We took Owen to the 4th of July parade in Glenside and it was a big hit.  Almost 2 is really a good age for parades; he can’t scamper out yet and get the candy, but he can get very excited over the twelve or so firetrucks that went slowly past with their sirens a-blaring.  He also liked the marching bands and the mummer string bands, and the Philly Phanatic, and the Belgian horses.  For the record, he was a little creeped out by the man who walked past wearing stilts and long striped pants.


He really loves music, and the minute he hears it, will start bobbing his head in an exaggerated manner, clapping his hands with wide arms, and doing this move he learned in Music Class, which consists of raising his arms overhead and spreading his hands wide and waving them about.  He’ll do all these moves even if the “music” he is hearing is just his parents singing.  And then when we finish singing, he claps and says Yay!  And then “mo” for more.
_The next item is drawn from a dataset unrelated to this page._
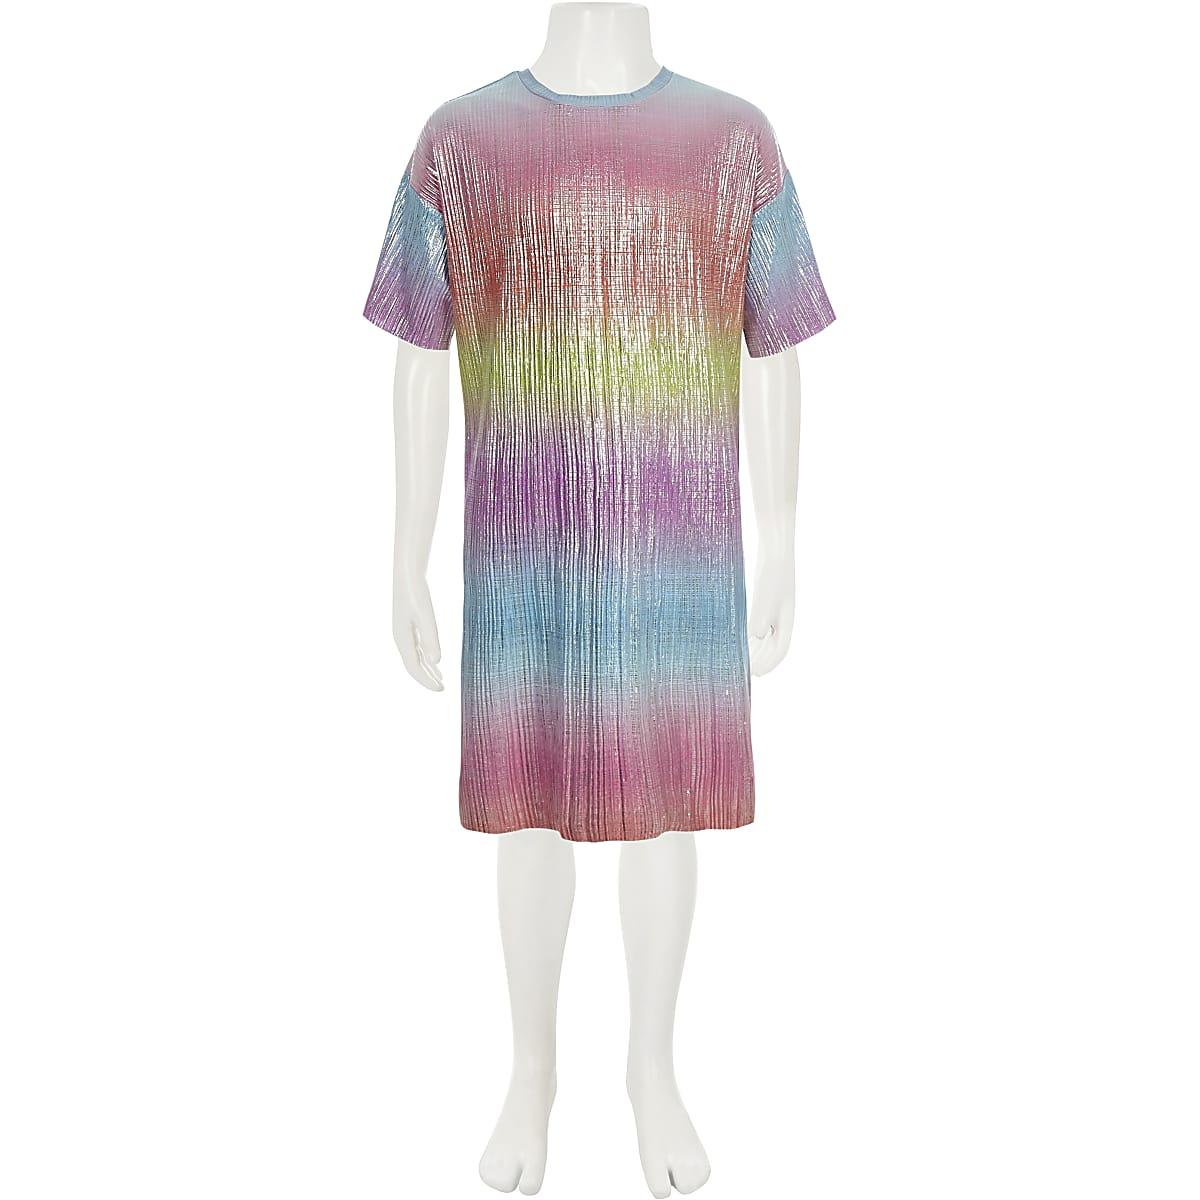 d5fcbdd32e10 Girls pink rainbow plisse T-shirt dress - Day Dresses - Dresses - girls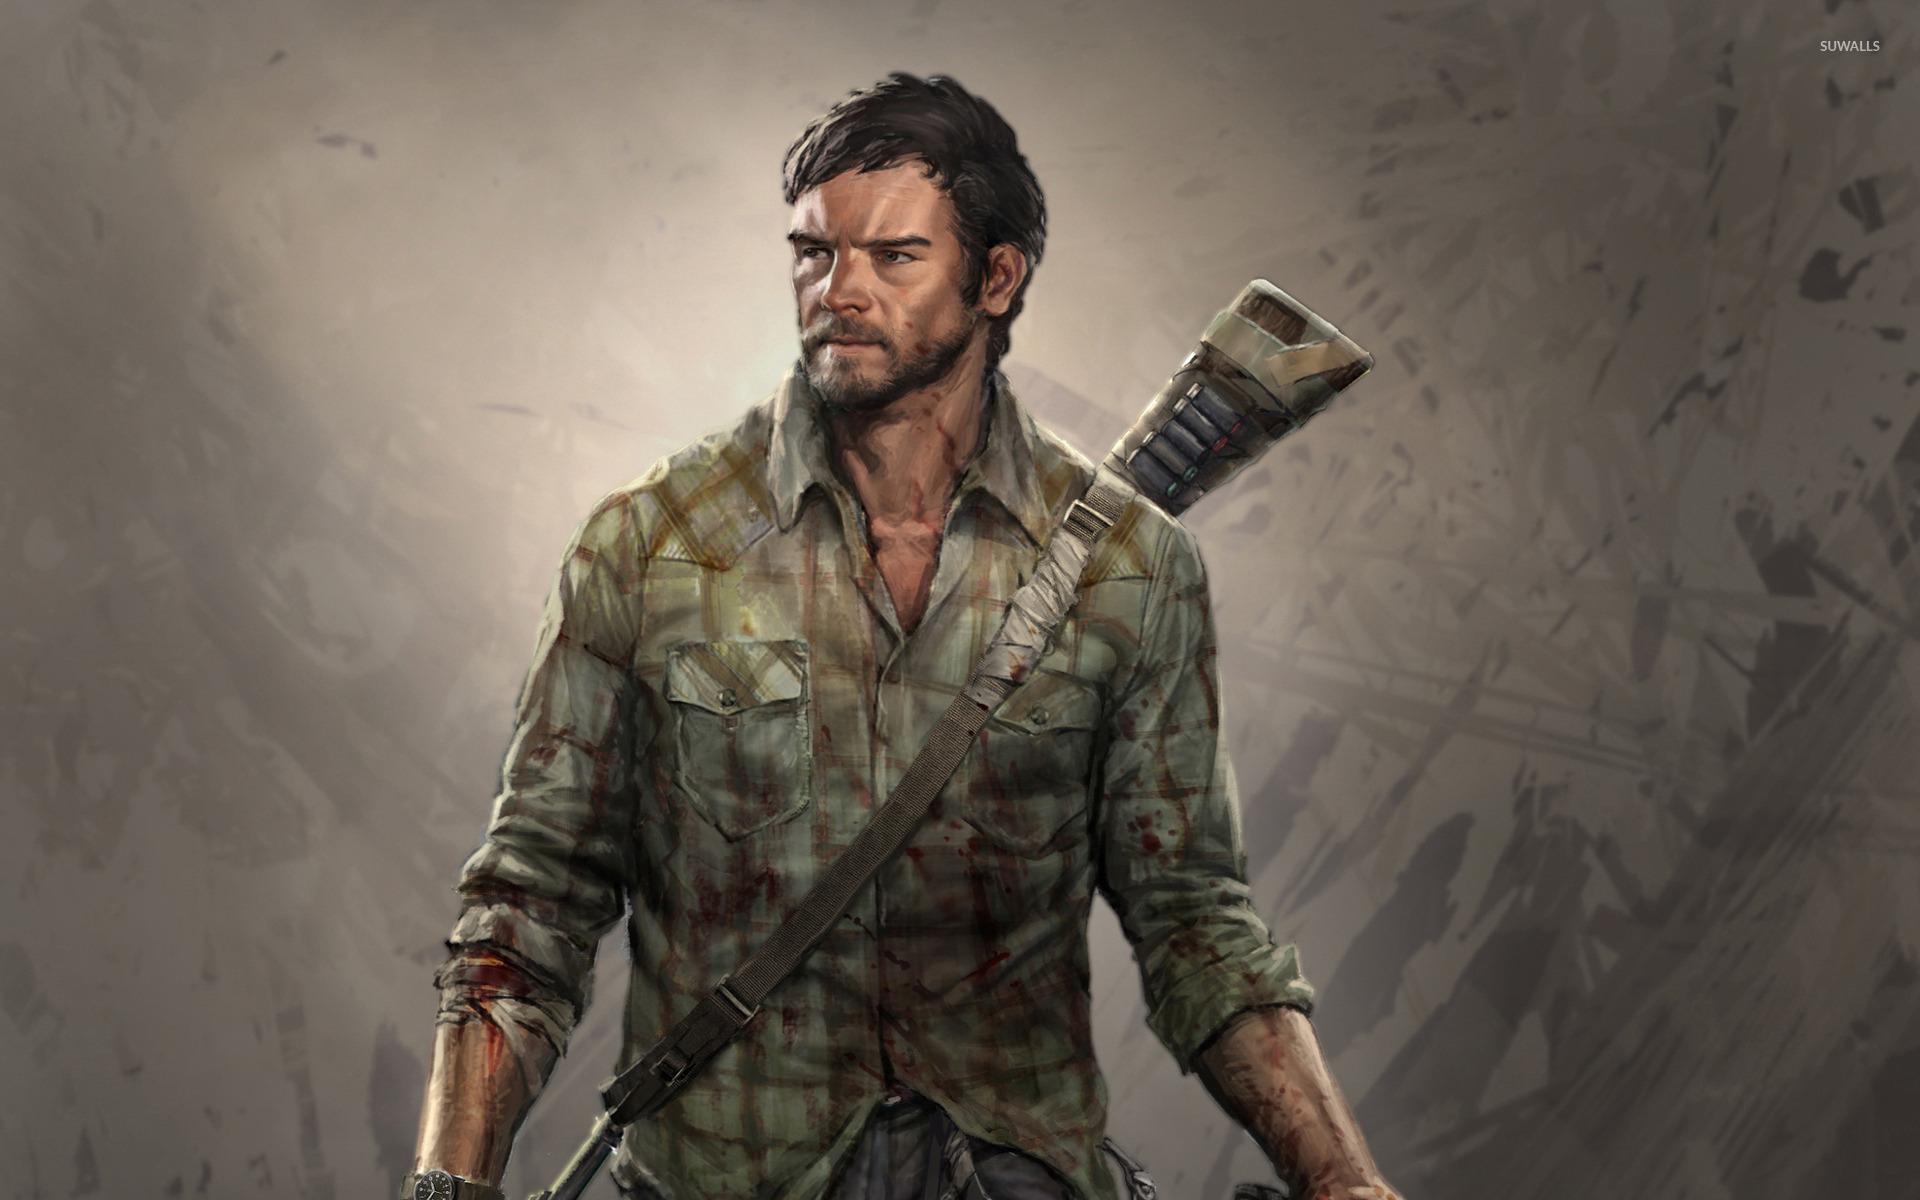 Joel - The Last of Us wallpaper - Game wallpapers - #20911

In fact, one of his favorite things right now is when we sing “Old MacDonald Had a Farm” – he gets very excited and will join in on the e-i-e-i-o’s.  I think what excites him most about the song is the choosing of the animal, and then interspersing what the animal says with the singing—that always makes him laugh.  He also still is a fan of “The Wheels on the Bus” for the same reason—the choice of the subject of the next verse.


Owen’s favorite thing to watch on TV right now is Peppa Pig, a British cartoon for toddlers.  Coincidentally, I find it as amusing as does Owen, albeit for different reasons.  (Have you seen Peppa Pig?  It’s hilarious!)


Owen fell on Saturday and got his first scraped knee.  It was not a bad fall by any means, but the whole washing of the wound and applying of the band-aid was a new experience for him.  I had cut my own knee the week before, and all week he had been talking about Mama’s boo-boo and pointing to my knee (often jabbing a finger right into my cut, which needless to say, wasn’t too pleasant).  And now Owen had one of his own!  It turns out that Owen has inherited his stoicism, or lack thereof, from my sister, Meredith.  (Hi, Meredith! J)  Each time he remembered his injury, he would clutch his leg and act as if he were dying.  Sean said it was like he had been in ‘Nam and was having a flashback.  Poor Sean was in charge of the first bath after the wound, in which Owen had to first get it wet, and then have the band-aid removed.  I think Owen’s howls were heard in the next town over.



And I think that is mostly it for now.  Owen so kindly did not awaken during the fireworks on Friday night, and also managed to remain asleep during the bad thunder storms we had on the 3rd.  He also was very helpful throughout the long weekend while Sean caught up on the weeding.  As usual, Owen was very pleased to be able to help put the weeds in the bag.